AI Infrastructure & Platform Operations Engineer

name·Remote(Poland)

AI & Machine Learning

Excel

WFA Digital Insight

The demand for skilled AI infrastructure engineers is on the rise, with a 25% increase in job openings in the past year alone. As companies invest heavily in AI infrastructure, professionals with expertise in NVIDIA GPUs, Kubernetes, and high-performance networking are in high demand. With the global AI market expected to reach

90 billion by 2025, this role offers a unique opportunity to be at the forefront of AI innovation. Candidates should be prepared to showcase their technical expertise and experience working in complex infrastructure environments. Before applying, it's essential to understand the company's vision for AI infrastructure and how this role contributes to its growth.

Job Description

About the Role

As an AI Infrastructure & Platform Operations Engineer, you will play a crucial role in the European AI Infrastructure & Platform Operations team. Your primary responsibility will be to monitor, operate, and support large-scale AI infrastructure environments powered by cutting-edge technologies such as NVIDIA GPUs, high-performance networking, and Kubernetes. The team is responsible for ensuring the smooth operation of these environments, and your expertise will be instrumental in resolving infrastructure-related incidents and improving overall system efficiency.
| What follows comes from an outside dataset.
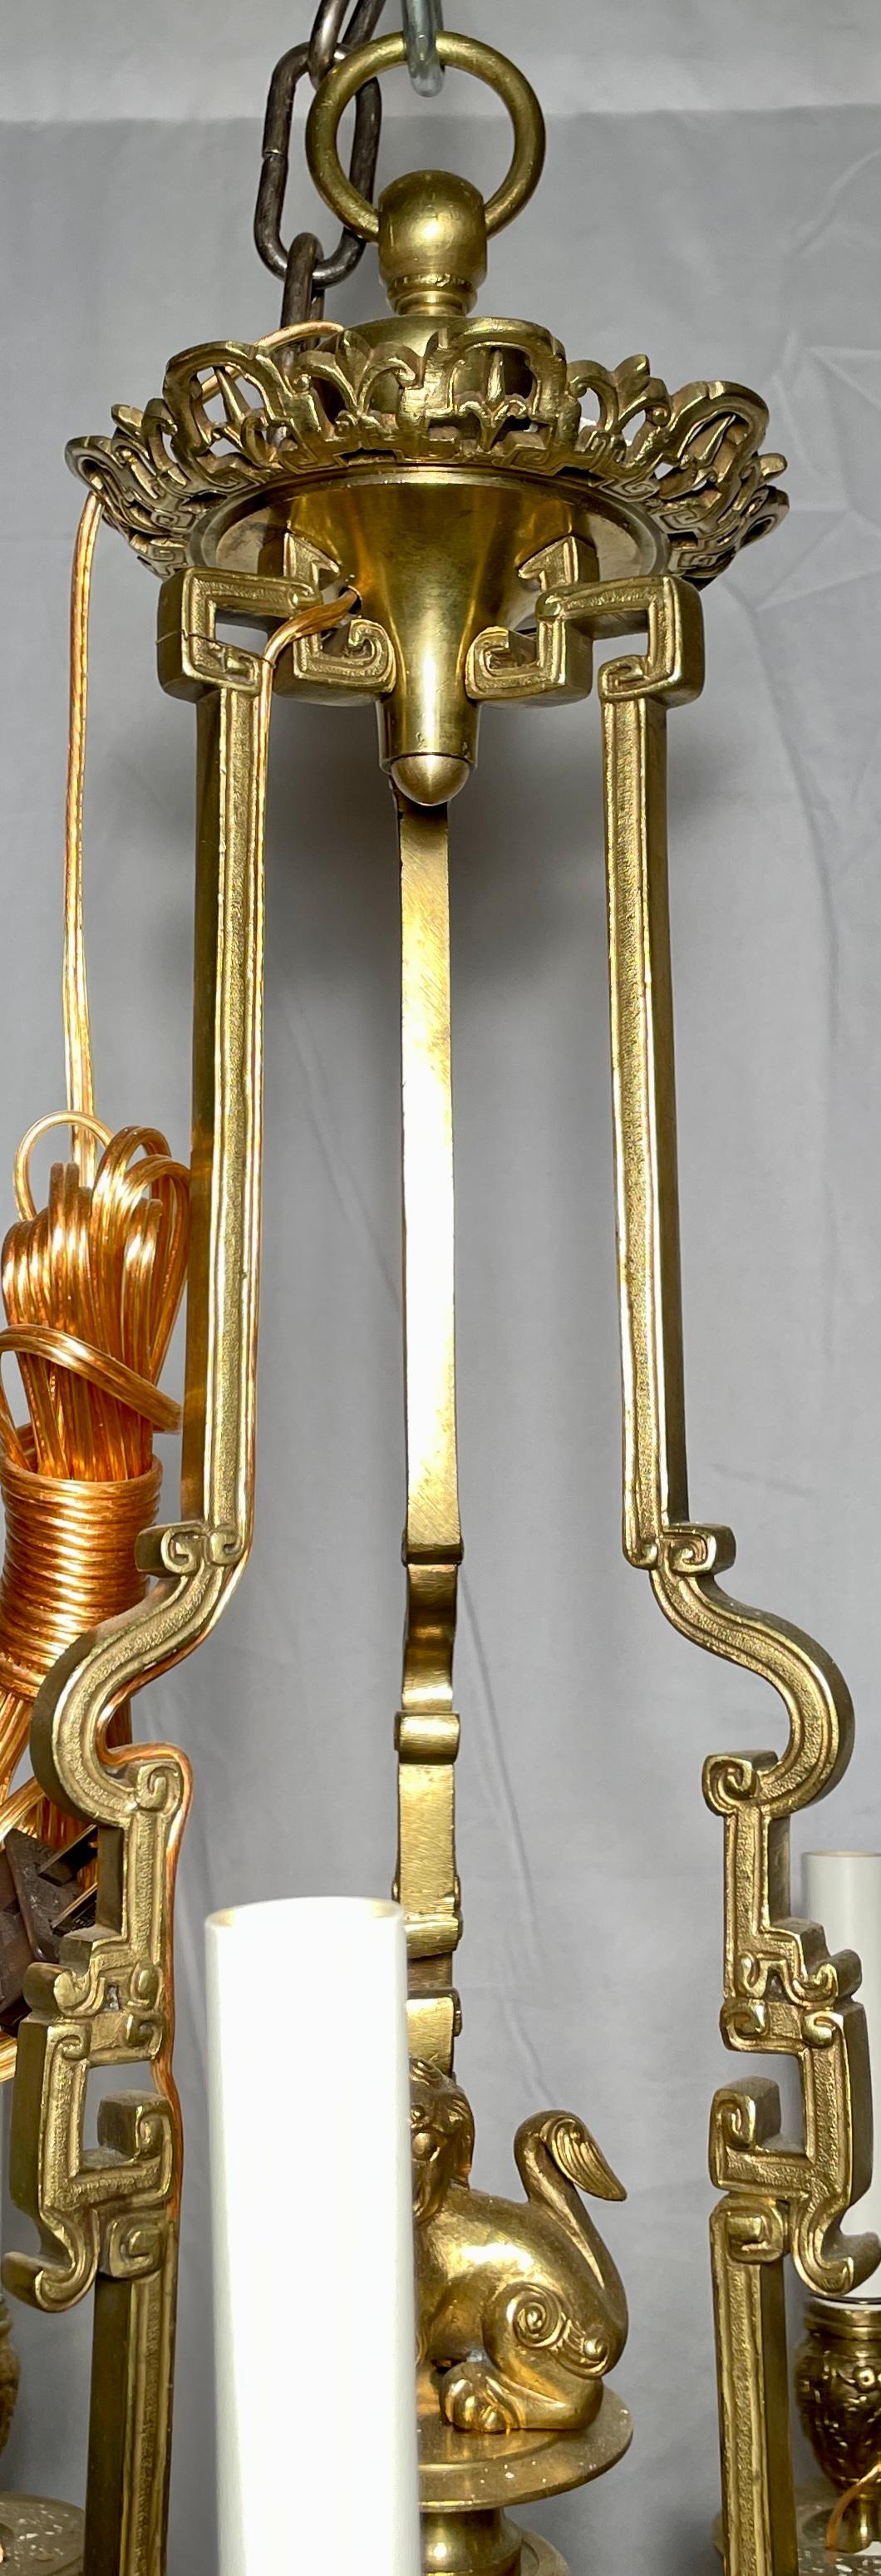 Antique French gold bronze 10 light chandelier with Greek Key Design, Circa 1890.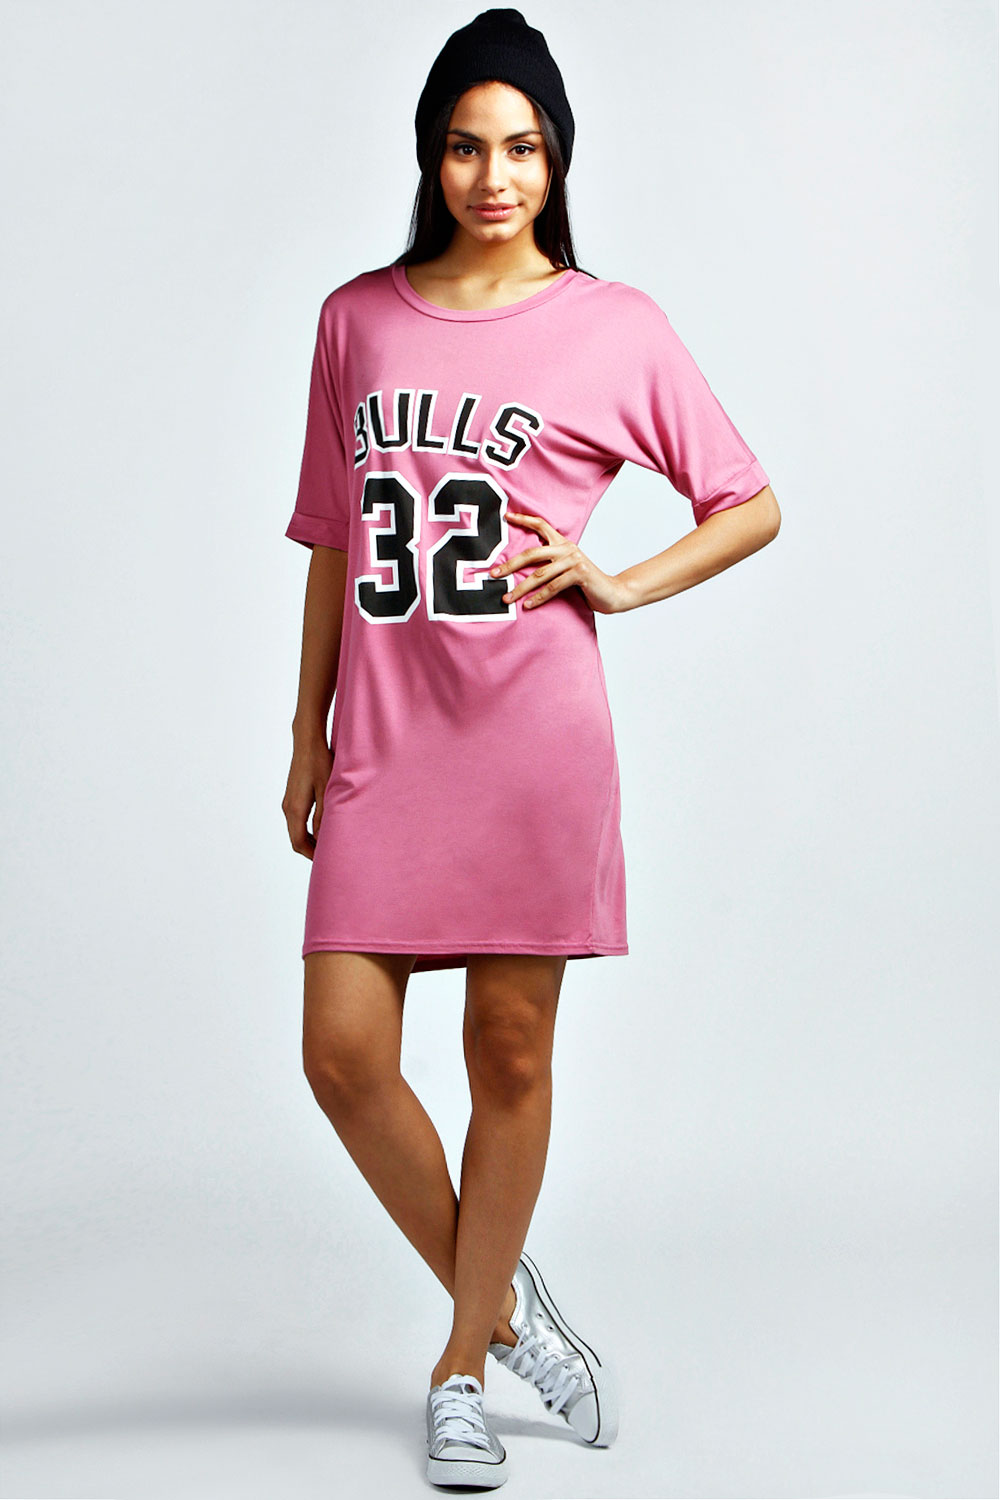 boohoo Nadine Bulls 32 T-Shirt Dress - rose pink

The AI Infrastructure & Platform Operations team is at the forefront of AI innovation, working with the latest technologies to drive business growth. As a key member of this team, you will have the opportunity to gain exposure to next-generation AI infrastructure and contribute to shaping the future of AI-powered operations. Your work will have a direct impact on the company's ability to deliver high-quality AI solutions, making this a highly rewarding role for those passionate about AI and infrastructure.

What You Will Do

Monitor and operate production AI infrastructure platforms to ensure high availability and performance
Investigate and resolve infrastructure, networking, hardware, and platform-related incidents
Collaborate with cross-functional teams to implement new technologies and improve existing infrastructure
Develop and maintain operational documentation and runbooks for AI infrastructure environments
Participate in shift-based operational environments, providing 24/7 support for critical systems
Work closely with the development team to ensure seamless integration of new features and technologies
Analyze system performance and provide recommendations for optimization
Develop and implement automation scripts to improve efficiency and reduce manual errors
Stay up-to-date with the latest advancements in AI infrastructure and platform technologies

What We Are Looking For

At least 3+ years of experience in infrastructure operations, platform operations, network operations, site reliability engineering, cloud operations, or related technical roles
Strong Linux administration and troubleshooting skills
Good understanding of networking concepts and experience diagnosing infrastructure-related issues
Working knowledge of Kubernetes in production environments
Experience supporting production infrastructure and services
Strong analytical and problem-solving skills
Experience working within structured operational and incident management processes
Excellent communication and collaboration skills

Nice to Have

Experience with NVIDIA GPU technologies and high-performance computing environments
Knowledge of cloud platforms such as AWS or Azure
Familiarity with containerization technologies like Docker
Experience with automation tools like Ansible or Terraform

Benefits and Perks

Competitive salary and benefits package
Opportunity to work with cutting-edge AI technologies and contribute to the development of next-generation AI infrastructure
Collaborative and dynamic work environment with a team of experienced professionals
Professional development opportunities, including training and conference attendance
Flexible working hours and remote work options
Access to the latest tools and technologies
Recognition and reward for outstanding performance
Comprehensive health insurance and retirement plan

How to Stand Out

Ensure your resume highlights specific experience with Linux administration, Kubernetes, and high-performance networking.
Be prepared to provide examples of complex infrastructure issues you've resolved in the past.
Familiarize yourself with NVIDIA GPU technologies and their applications in AI infrastructure.
Showcase your ability to work collaboratively in a team environment and effectively communicate technical concepts.
Consider creating a personal project or contributing to open-source projects to demonstrate your skills in AI infrastructure and platform operations.
Prepare to discuss your experience with automation tools and scripting languages.
Research the company's approach to AI infrastructure and be ready to discuss how your skills align with their vision.

This is a remote position listed on WFA Digital, the platform for professionals who work from anywhere. Browse more remote jobs across all categories.